Thursday, October 1, 2009

The Polanski Matter

This may sound heartless, but I can’t seem to dredge up any pity for Roman Polanski. He was arrested recently in Switzerland and placed in jail pending a deportation hearing on a 32-year old warrant because he  failed to appear in court for sentencing on a charge of unlawful sex with a minor, a charge he pled guilty to. Instead, he fled the United States and has been living in Europe since.

Almost immediately after his arrest, the elites of France went berserk, accusing the United States of picking on this poor old seventy-some year old man. Then several of Hollywood’s biggest names jumped in on Polanski’s side.

Meanwhile, it turns out that a lot of ordinary French people and Americans as well have no sympathy for Polanski, either. He should come back and face the music, many argue. He committed a crime, he ought to do the time. After all, isn’t that what the bigwigs have told us for years and years?

So, suddenly, these same believers in the sanctity of the law want this guy who had sex with a 13-year old girl to escape justice because he spent his life after evading it making fine movies that are applauded by the elites of Europe and Hollywood. I wonder how these individuals would feel if Polanski’s 13-year old victim happened to be a daughter of one of them.

What about Polanski’s victim? For all of the years Polanski roamed as free as a bird, she’s been psychologically imprisoned by the vile acts committed by him on her body, damaged by thoughts of this man working over her, performing oral sex and sodomizing her mind and body.

Those who support Polanski argue that the judge was biased against him. If I were the judge I would have been biased against him, too. After all, he pled guilty to those acts.  He deserved prison time then and he deserves it now.

His supporters also contend that the judge violated a plea agreement that would have placed Polanski on probation without jail time. As a matter of law, judges do not negotiate pleas with defendants. The prosecuting attorney and the defense attorney work out an agreement and present it to the judge. The judge can accept or reject it.

Judges reject plea agreements every day somewhere in America. They also accept them. In the Polanski case, we actually don’t know how the judge would have decided since Polanski cut out before decision time. Now, the judge is dead and we will never know.

Every year there are over 3,000,000 (that’s three million) reported instances of child abuse in America. Not every case involves sexual abuse and not all reports are verified. But if only 10 percent of the reports were valid, that would still amount to a horrendous 300,000 incidents annually. That is one hell of a statistic for a country that purports to be a nation of laws, not of men.

For the sake of our children, men like Polanmski need to feel the heat of prison. If only one incipient predator gets the message and decides to drive on by instead of abducting a child on the way to school, then Polanski’s incarceration will at least have served a socially redeeming purpose.

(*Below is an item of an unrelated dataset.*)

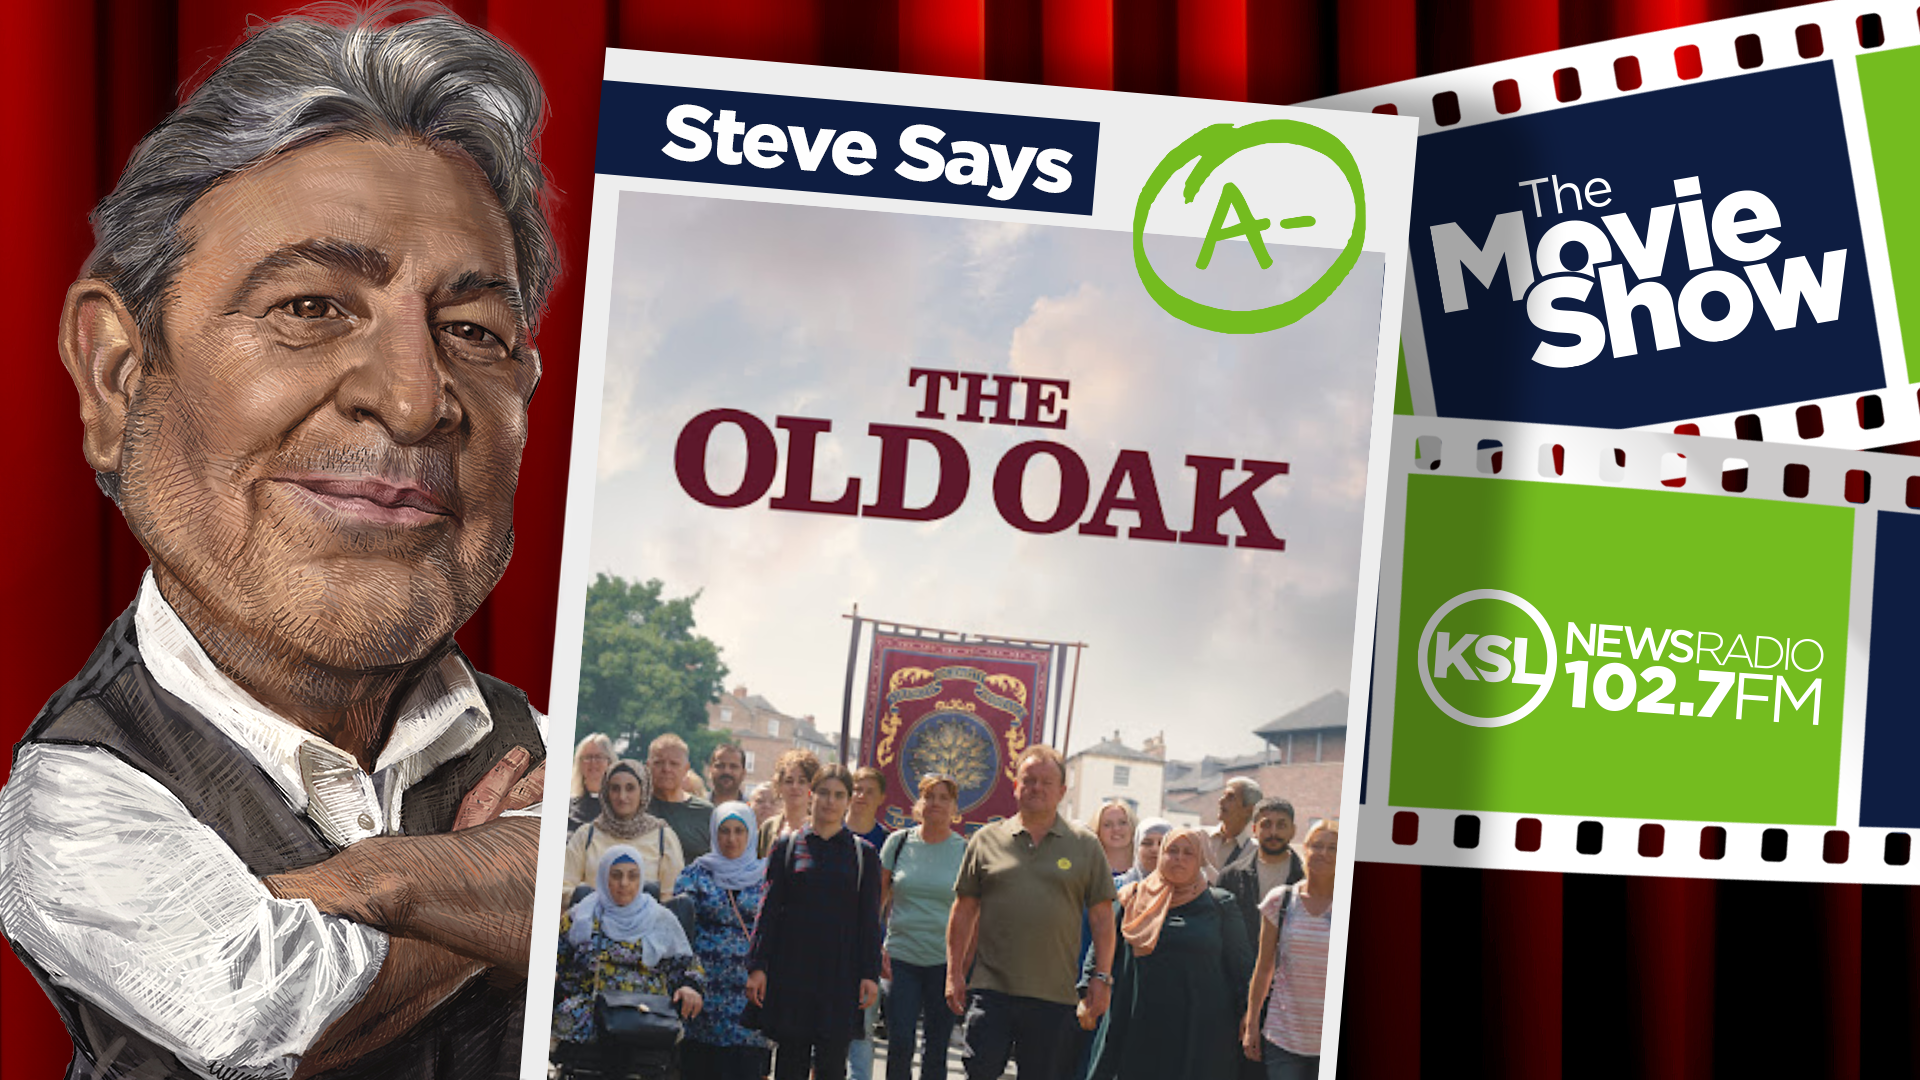 'The Old Oak' might have a few f-bombs, but it's worth your time to see....

If Roman Polanski were an ordinary citizen, his victim would be just another statistic, lost in a bureaucratic spreadsheet. But the publicity surrounding Polanski ultimately resulted in the self-revelation of her identity. Samantha Gailey Geimer, now 45 years old, has decided that she will no longer permit the incident that happened so many years ago to imprison her mind. A revelation like that takes courage.

If Polanski had her courage, if he were any kind of man, he’d voluntarily return to the United States and take his medicine. Then, his supporters might have something to commend him for.